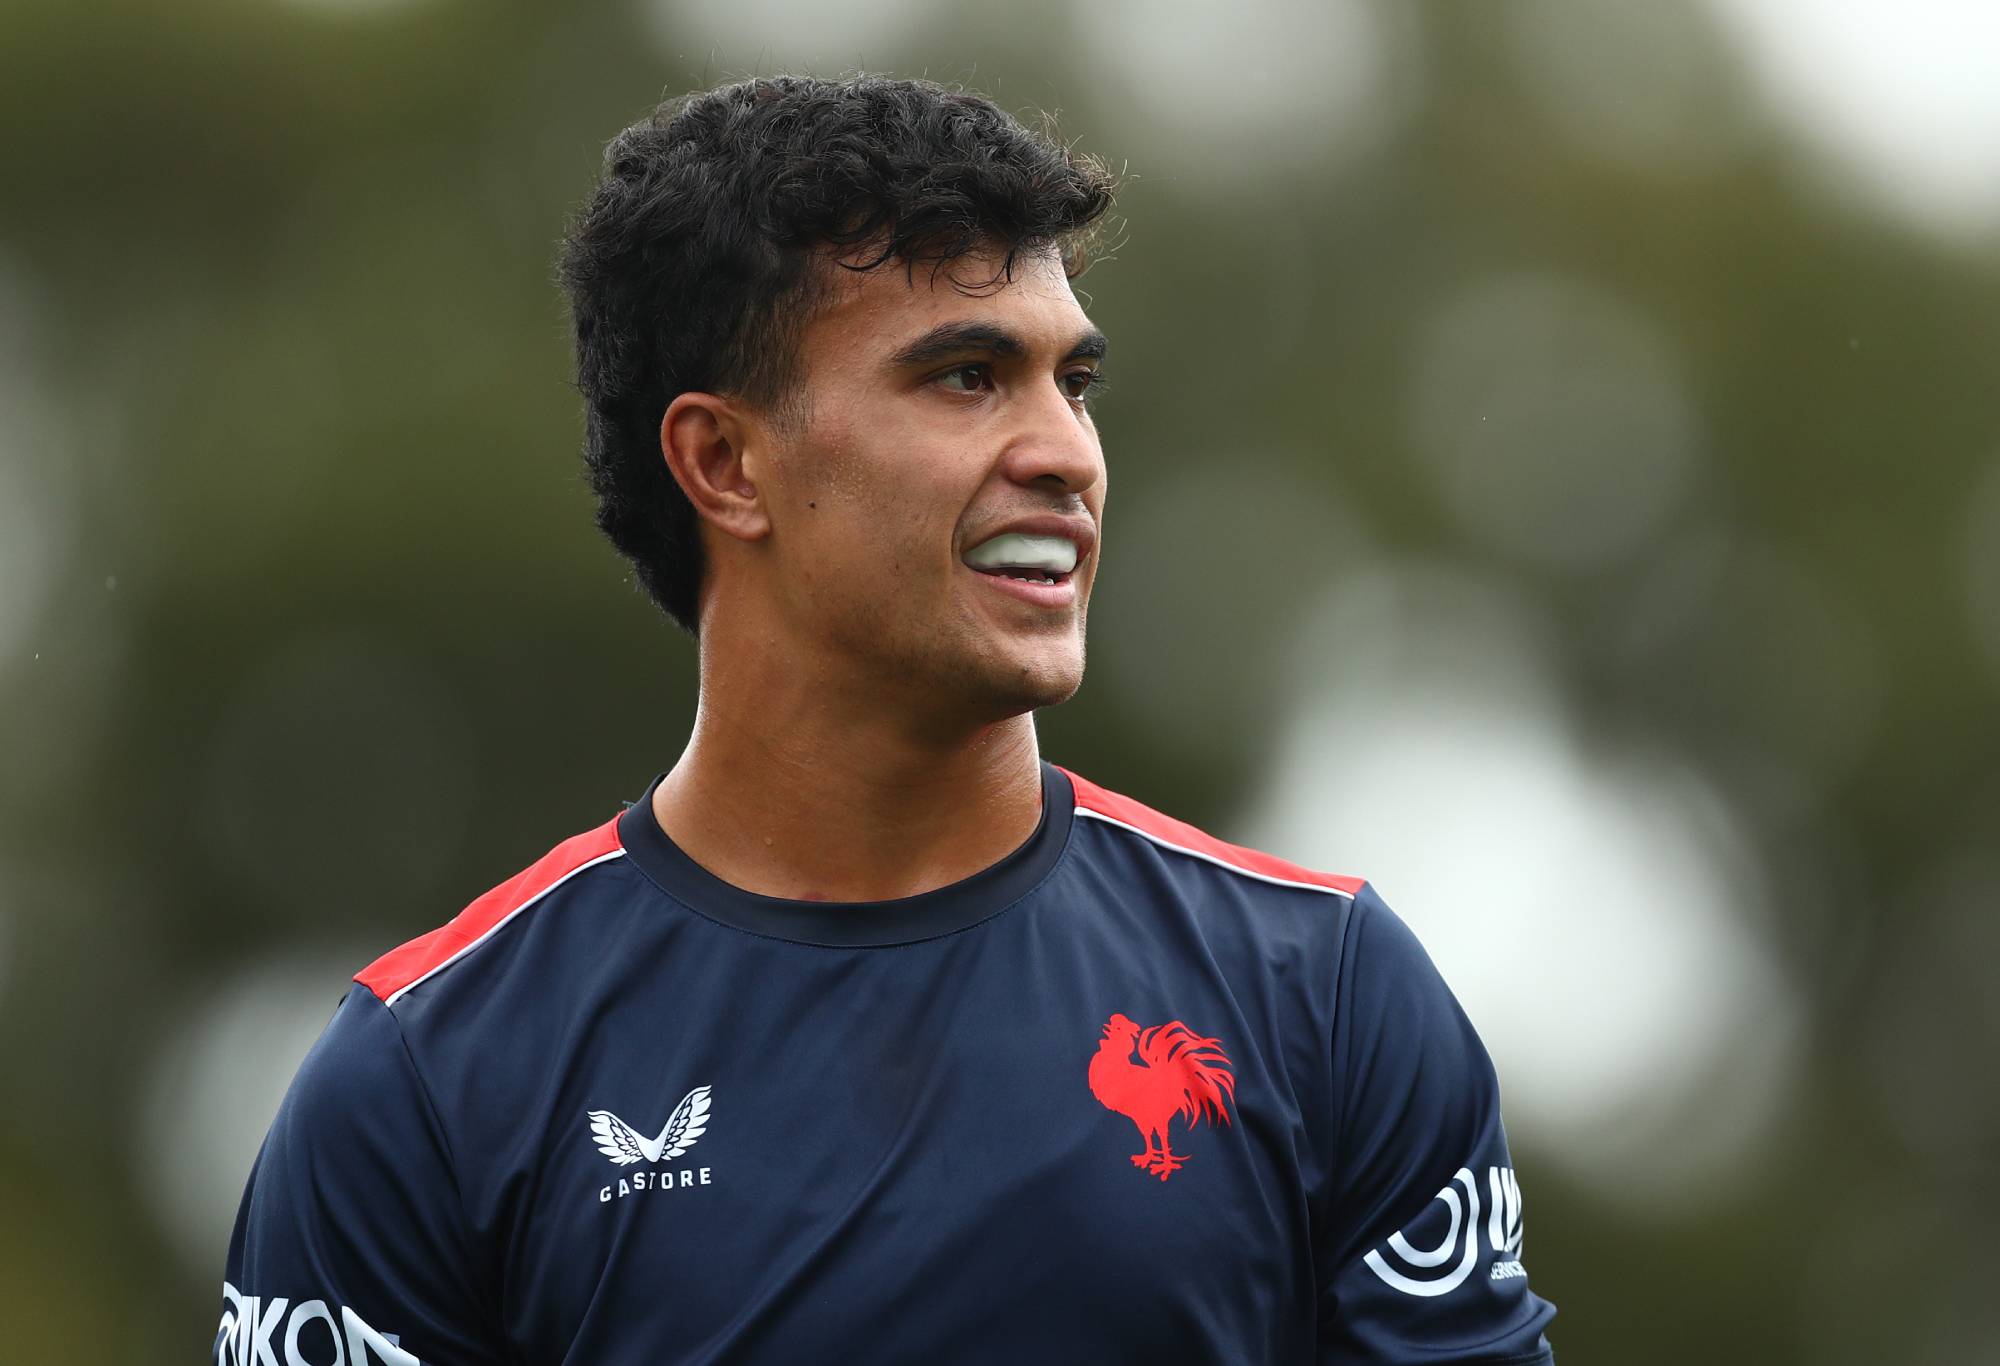 SYDNEY, AUSTRALIA - MARCH 29: Joseph Suaalii smiles during a Sydney Roosters NRL training session at Kippax Lake on March 29, 2022 in Sydney, Australia. (Photo by Mark Metcalfe/Getty Images)
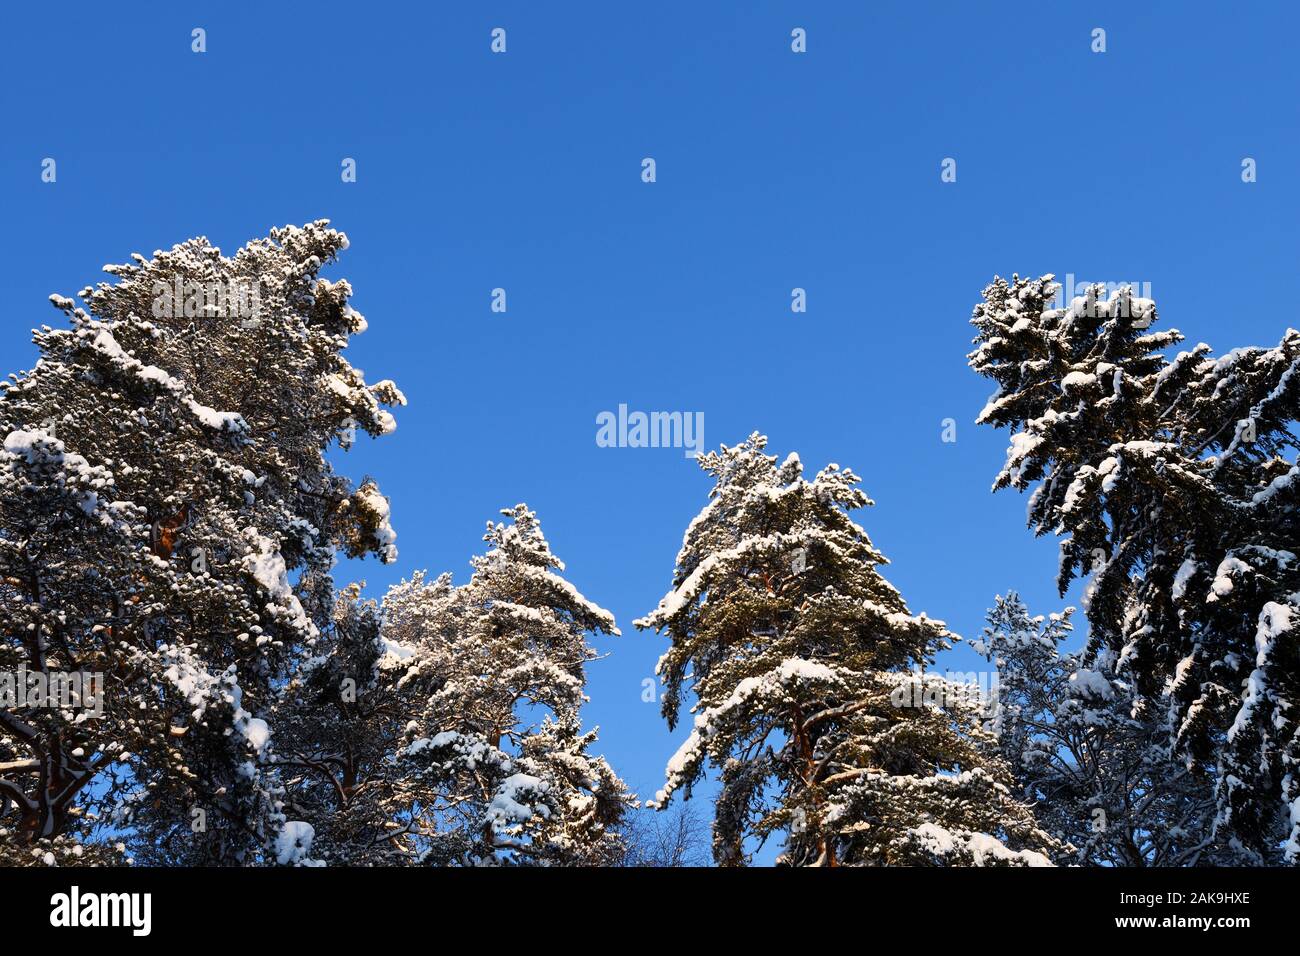 Winter forest, tall spruce and pine trees covered with snow against clear blue sky Stock Photo
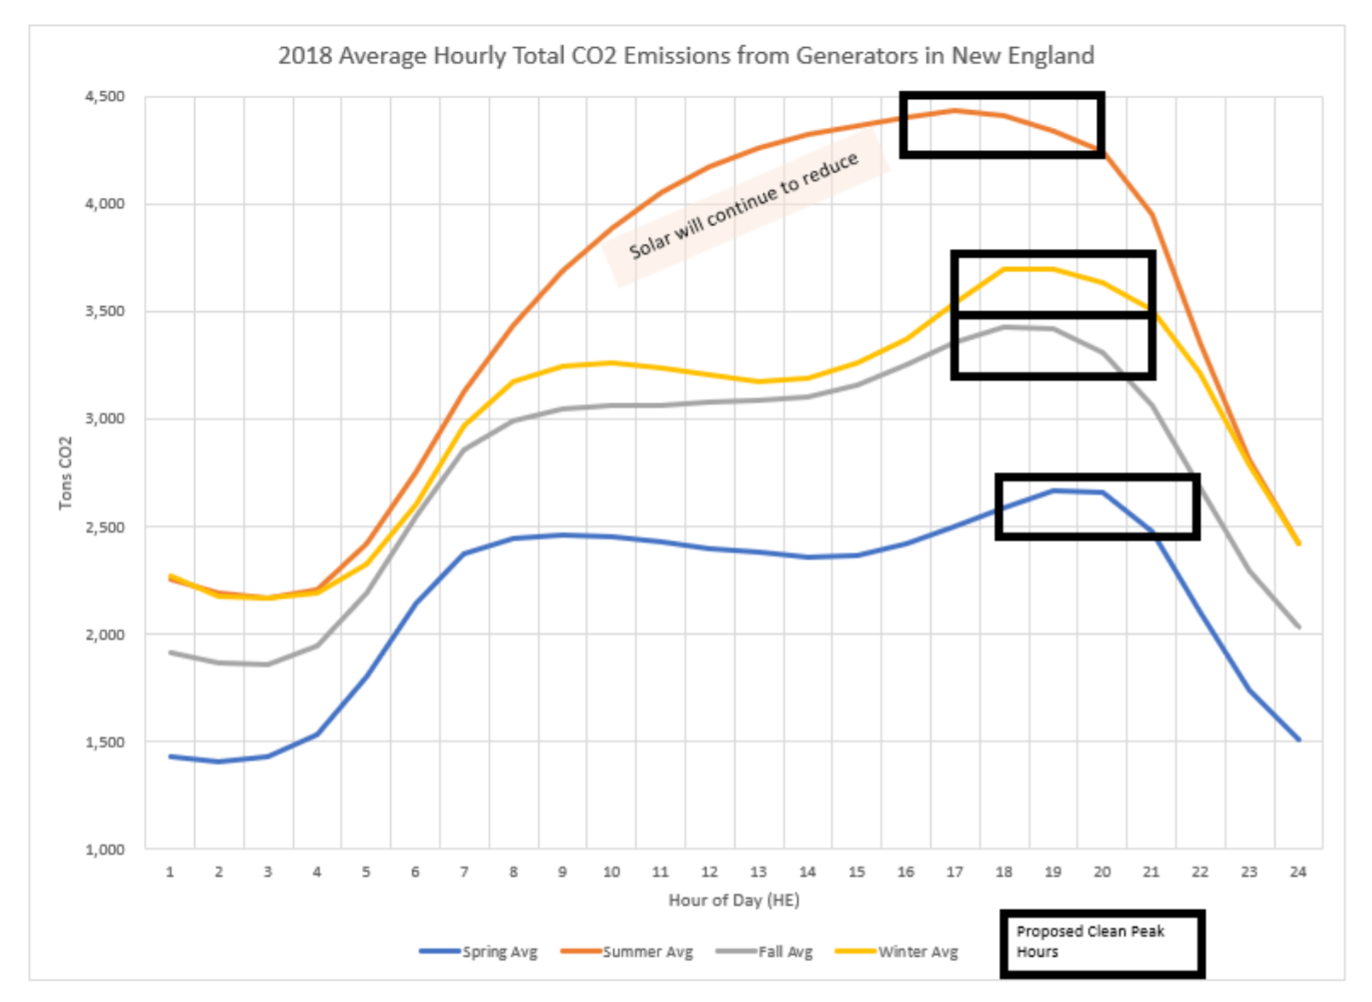 average hourly total CO2 emissions from generators in New England

*Task brief*: Copy out the whole listing exactly, and don't carry over any pictures.

*Task output*:
 SYDNEY, AUSTRALIA - MARCH 29: Joseph Suaalii smiles during a Sydney Roosters NRL training session at Kippax Lake on March 29, 2022 in Sydney, Australia. (Photo by Mark Metcalfe/Getty Images)
 Winter forest, tall spruce and pine trees covered with snow against clear blue sky Stock Photo
 average hourly total CO2 emissions from generators in New England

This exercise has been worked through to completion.